543 Day Writing Journey

Home Alone. Day 511.

Photo by Sebastian Arie Voortman on Pexels.com

Last night, the boys all spent the night at Tyler’s watching WWE and eating pizza and grinders from Michelangelo’s.

“Will you be OK, Mom?” they each asked me separately the day before.

“Of course,” I said, laughing, maybe a little too enthusiastically. My façade was in jeopardy of being discovered.

I didn’t really want them to go, but I didn’t and wouldn’t say that. I want them to spend all their time with each other, and will never block that. But dang, it was weird.

Once nightfall started to take over, my senses were extra aware. I wasn’t afraid of bad guys or monsters, but of being far from the boys.

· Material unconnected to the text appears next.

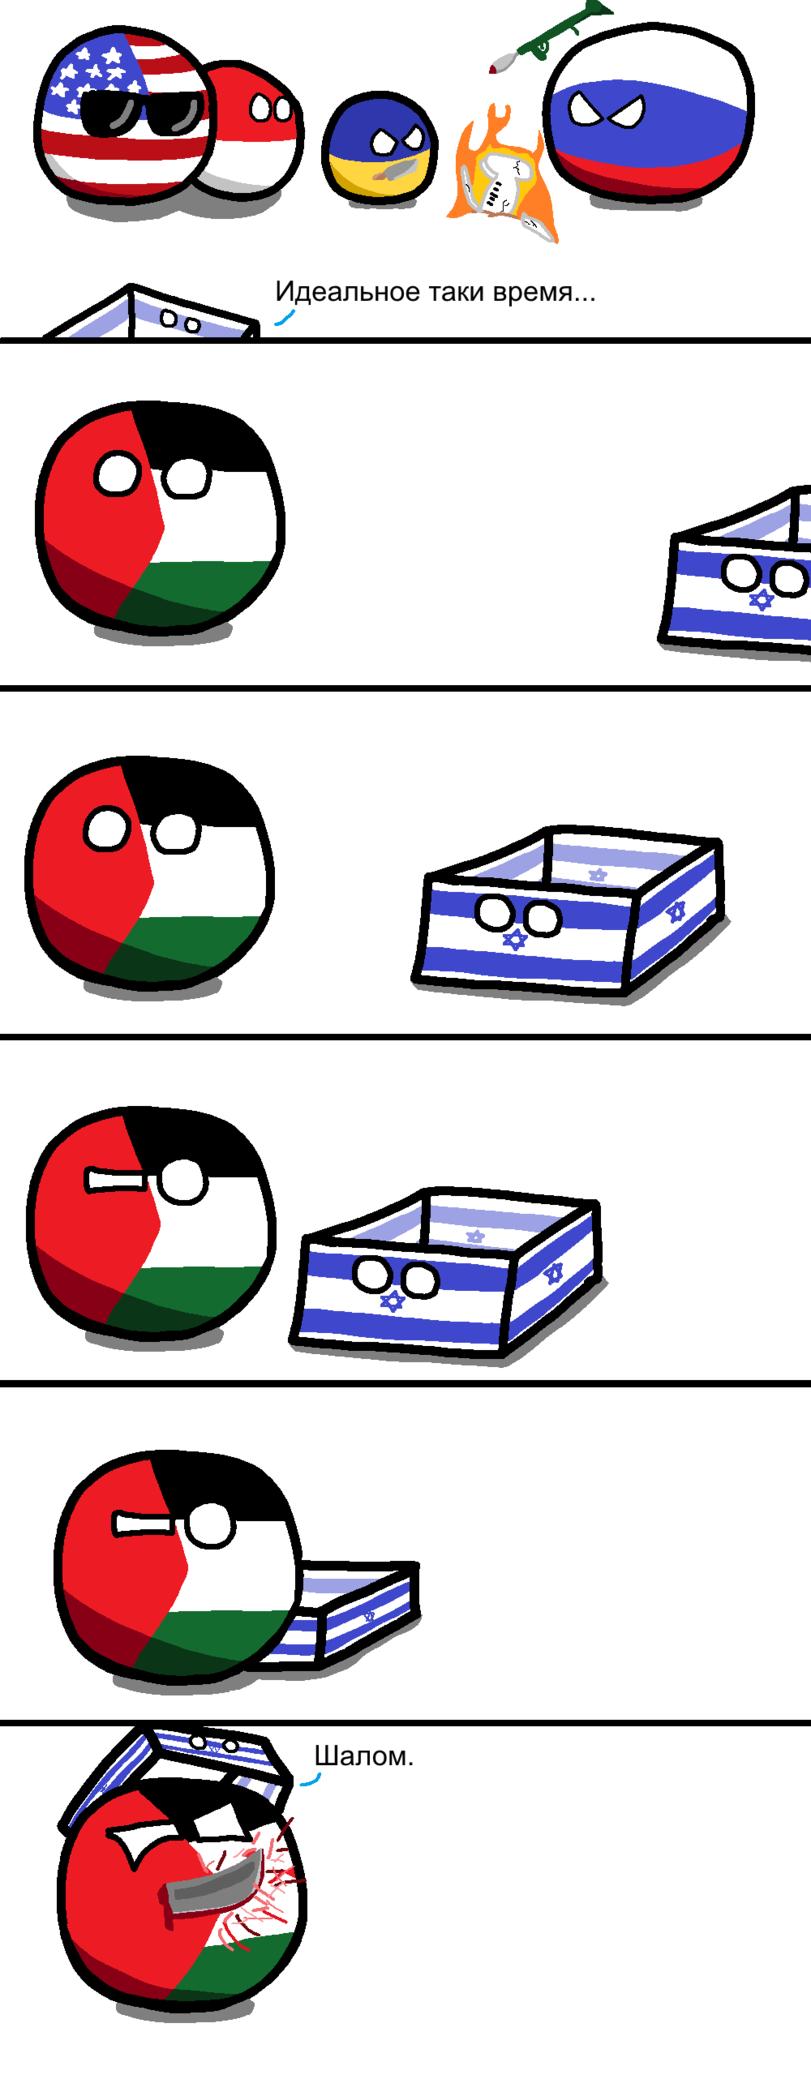 countryballs-Израиль

I always feel that way with Tyler living an hour away, but it was multiplied by four.

The bad guys and monsters would have been eliminated and disintegrated by the dogs who were hyper-aware by the lack of people in the house. Wanda, who usually sleeps in Baylee’s room, barked more than usual and kept running from the front door to the back. I never felt creeped out and slept quite well actually.

Is it normal to not want the house to yourself? Don’t empty-nesters want, well, an empty nest? Do singular empty-nesters have a different perspective than a couple?

Either way, the pups and I all slept in the living room and watched Modern Family. I tried not to text the boys. (They texted me which was nice.) It made me aware of what my future holds. I do state frequently and adamantly that I like being single, but maybe not forever. I may have to take in a border.